Naturally, a child's failure to develop a healthy attachment to a primary caregiver can range from a variety of circumstances. In some cases, the inhibited form of RAD might be the directly linked to abuse or neglect; however, not all inappropriate attachment development patterns are caused by one caregiver's aggression or incompetence.

Between the ages of six months and three years, if a child is abruptly separated from their caregiver for any reason, they could suffer the lack of an opportunity to form normal attachment models in their most critically formative stage.

In addition to abuse, neglect, and abrupt separation, RAD can also be the cause of too many changes in caregivers over time. Without any significant amount of time spent with any caregiver over the others, the child may develop a disinhibited form of RAD from being unable to differentiate the relationship between familiarity and closeness.
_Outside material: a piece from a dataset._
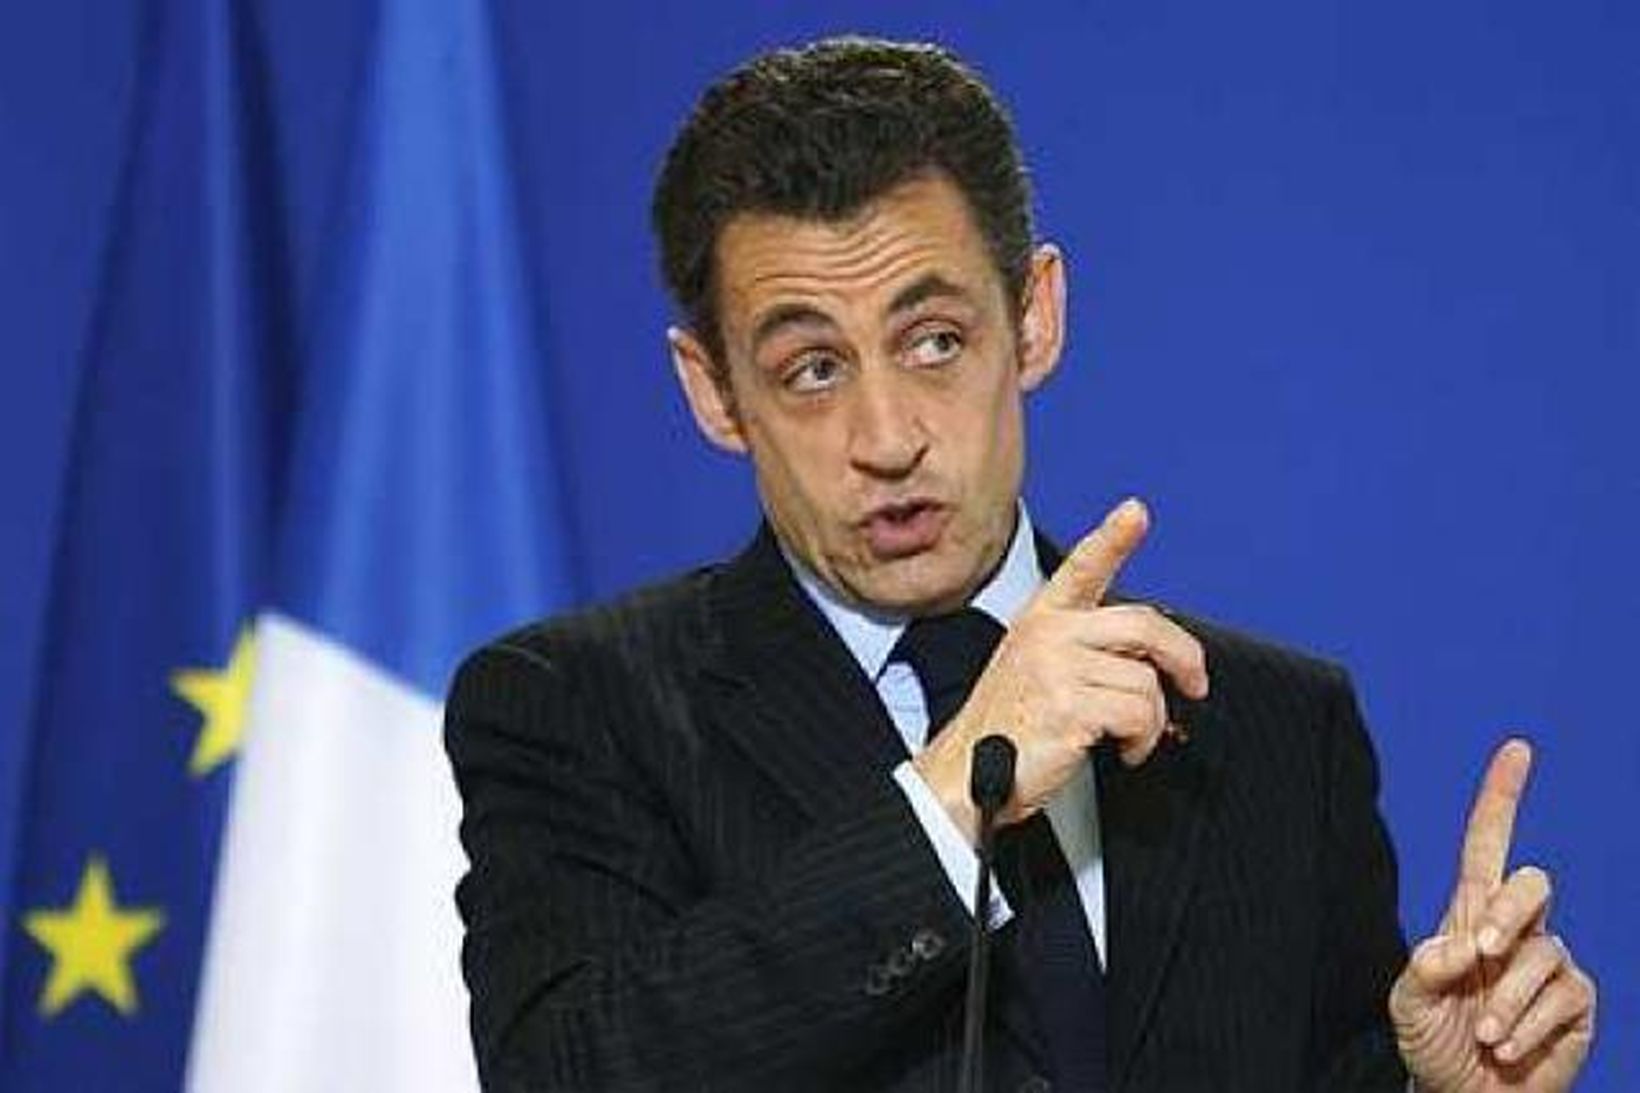 Nicolas Sarkozy, forseti Frakklands, á leiðtogafundinum í dag.
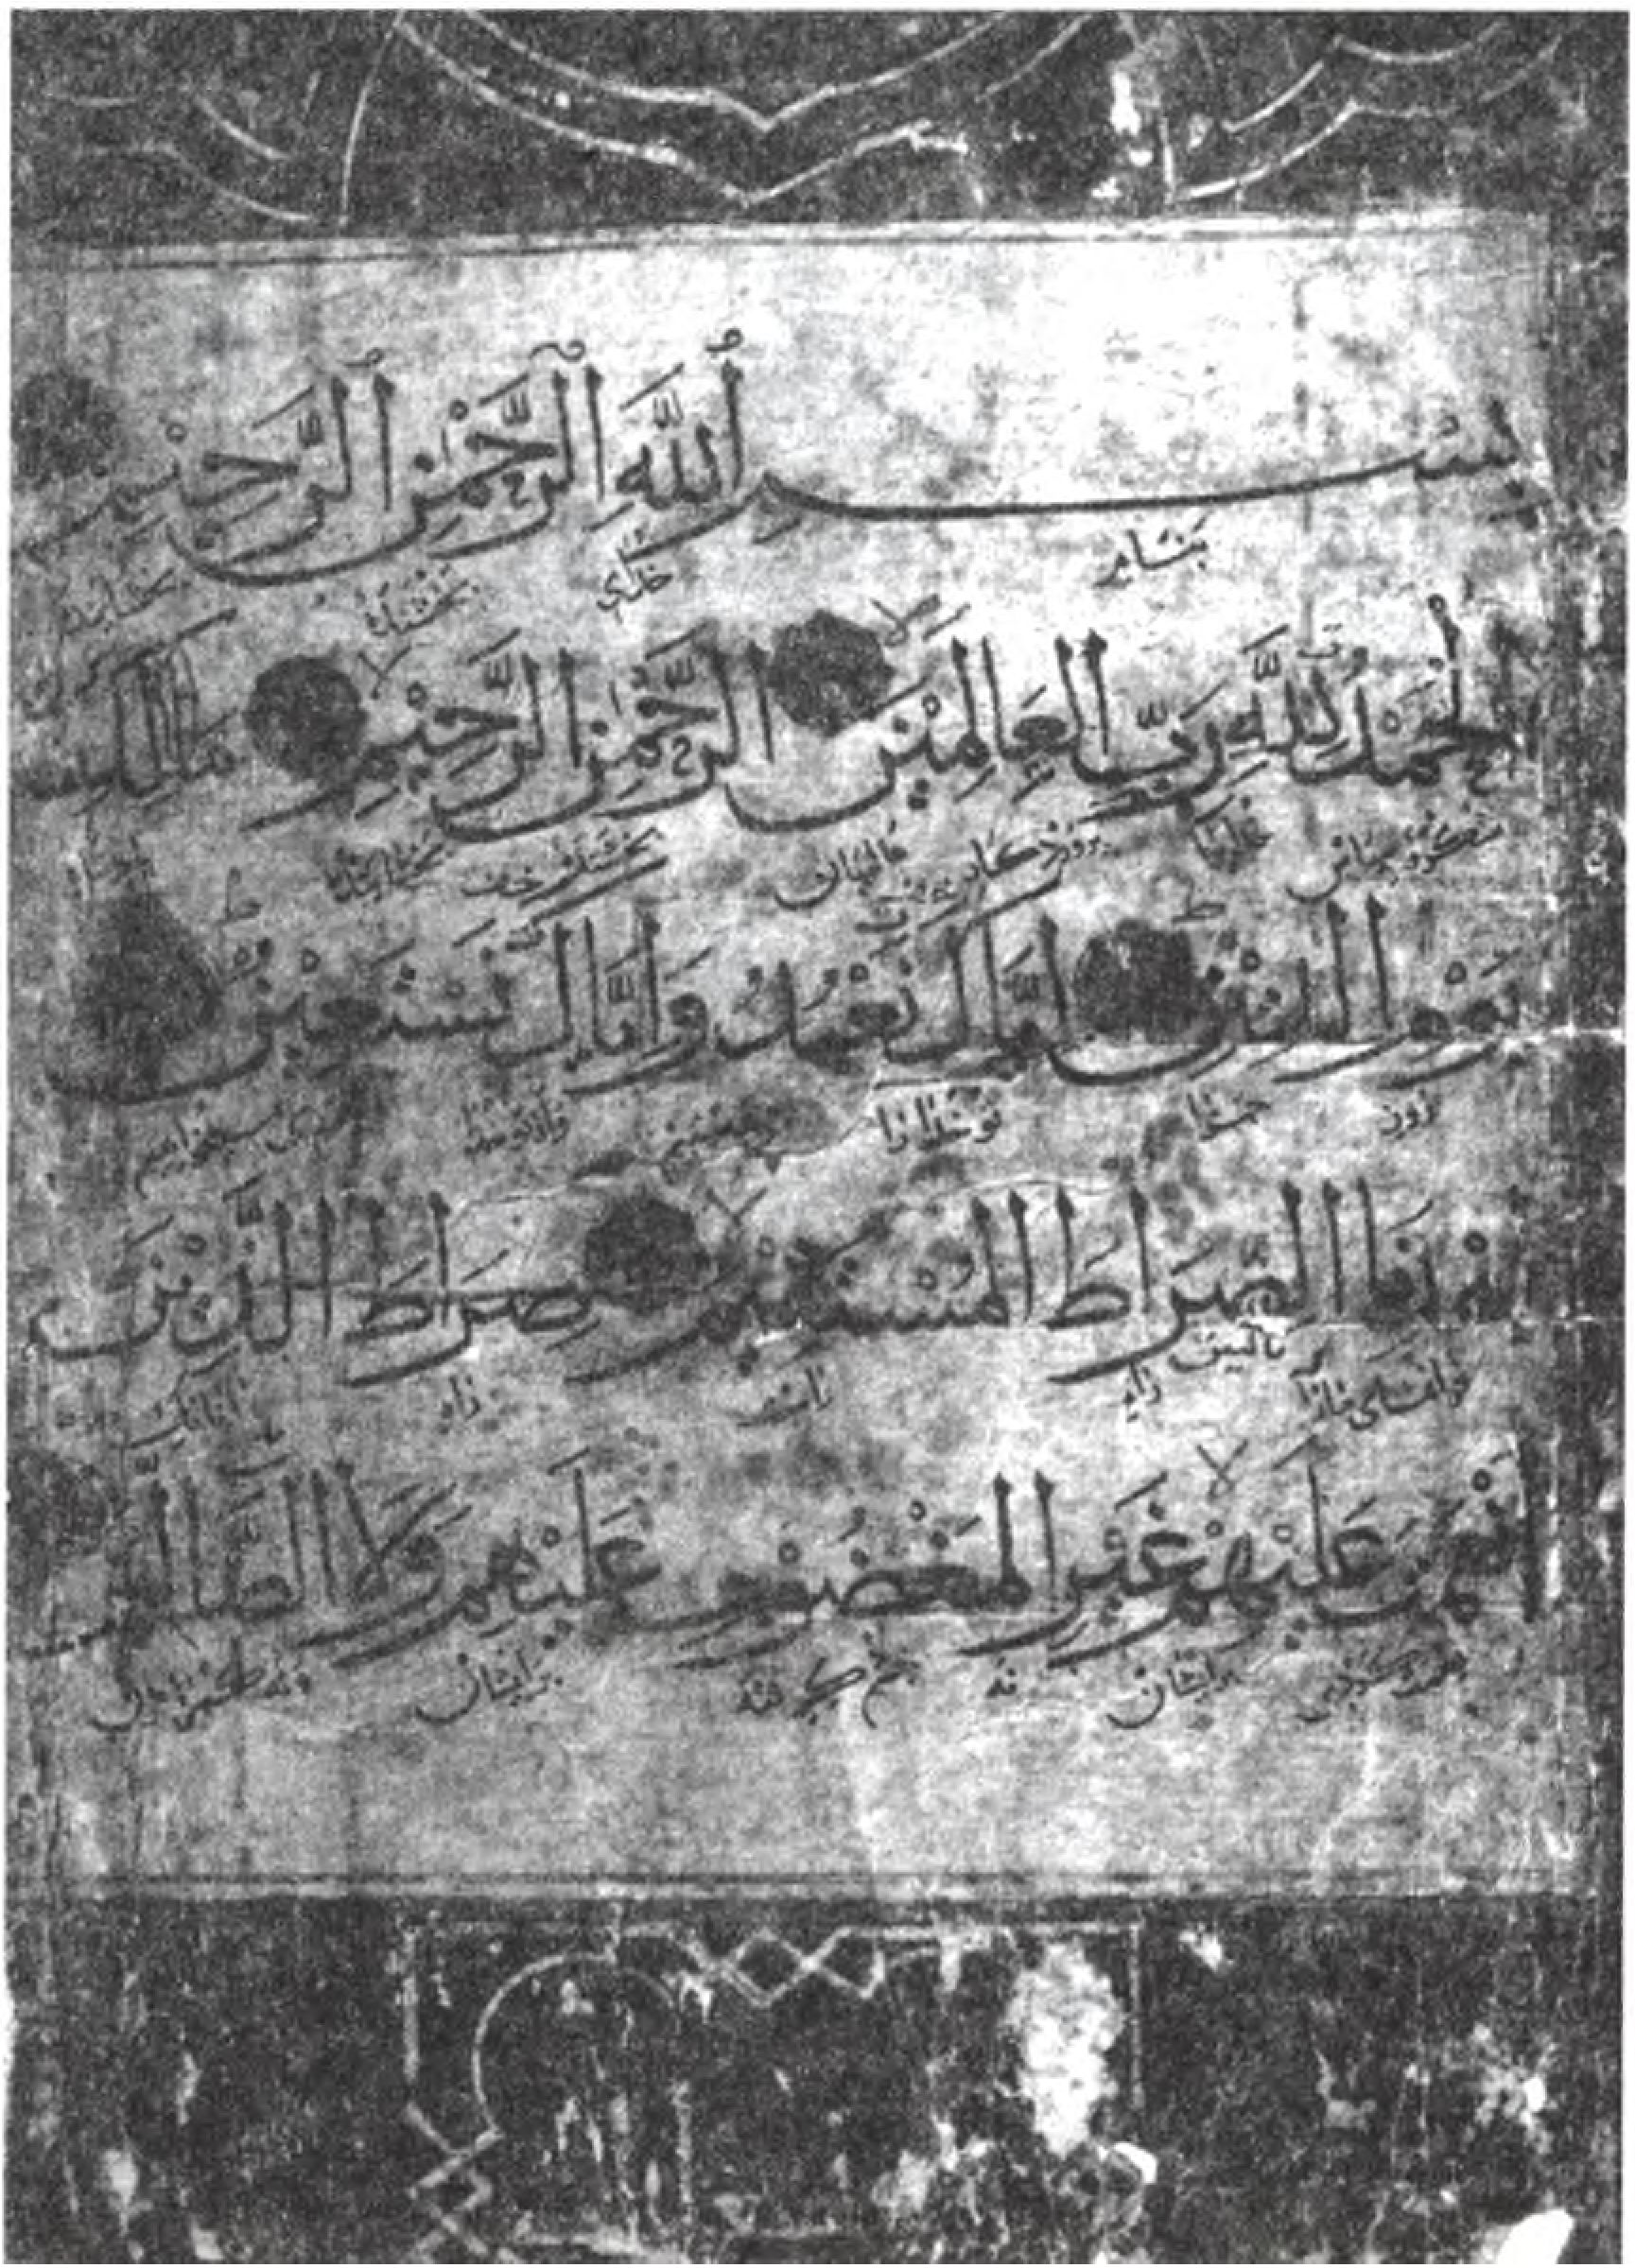 Коран Хан-Джами. 714 г. Хиджры. Снимок 1925 г.

It is important to note that while there are a multitude of unusual caregiver arrangements can result in RAD, none of them are guaranteed to result in the development of inhibited or disinhibited forms.

Diagnosis Criteria

Whether inhibited or disinhibited, the onset of RAD must come before the child has reached five years of age. The child must show a significant lack of developmentally appropriate social relation skills, such as excess affection for strangers and indifference to caregiver attention. There must be a demonstrated history of neglect and the lack of a primary caregiver that the child can be identified as preferring. The diagnosis is only possible if the symptoms don't meet the criteria for developmental delays or pervasive developmental disorder.

Treatment

A variety treatment approaches have been suggested and enacted to resolve RAD, one of the most actively discussed being Attachment Therapy. Attachment Therapy implementation has been controversial, as its criteria for diagnosis are not shared with the DSM-IV-TR or attachment theory behavioral models. Because there haven't been many longitudinal studies on the outcome of RAD, there is not yet a consensus on what the most effective approaches to the disorder may be.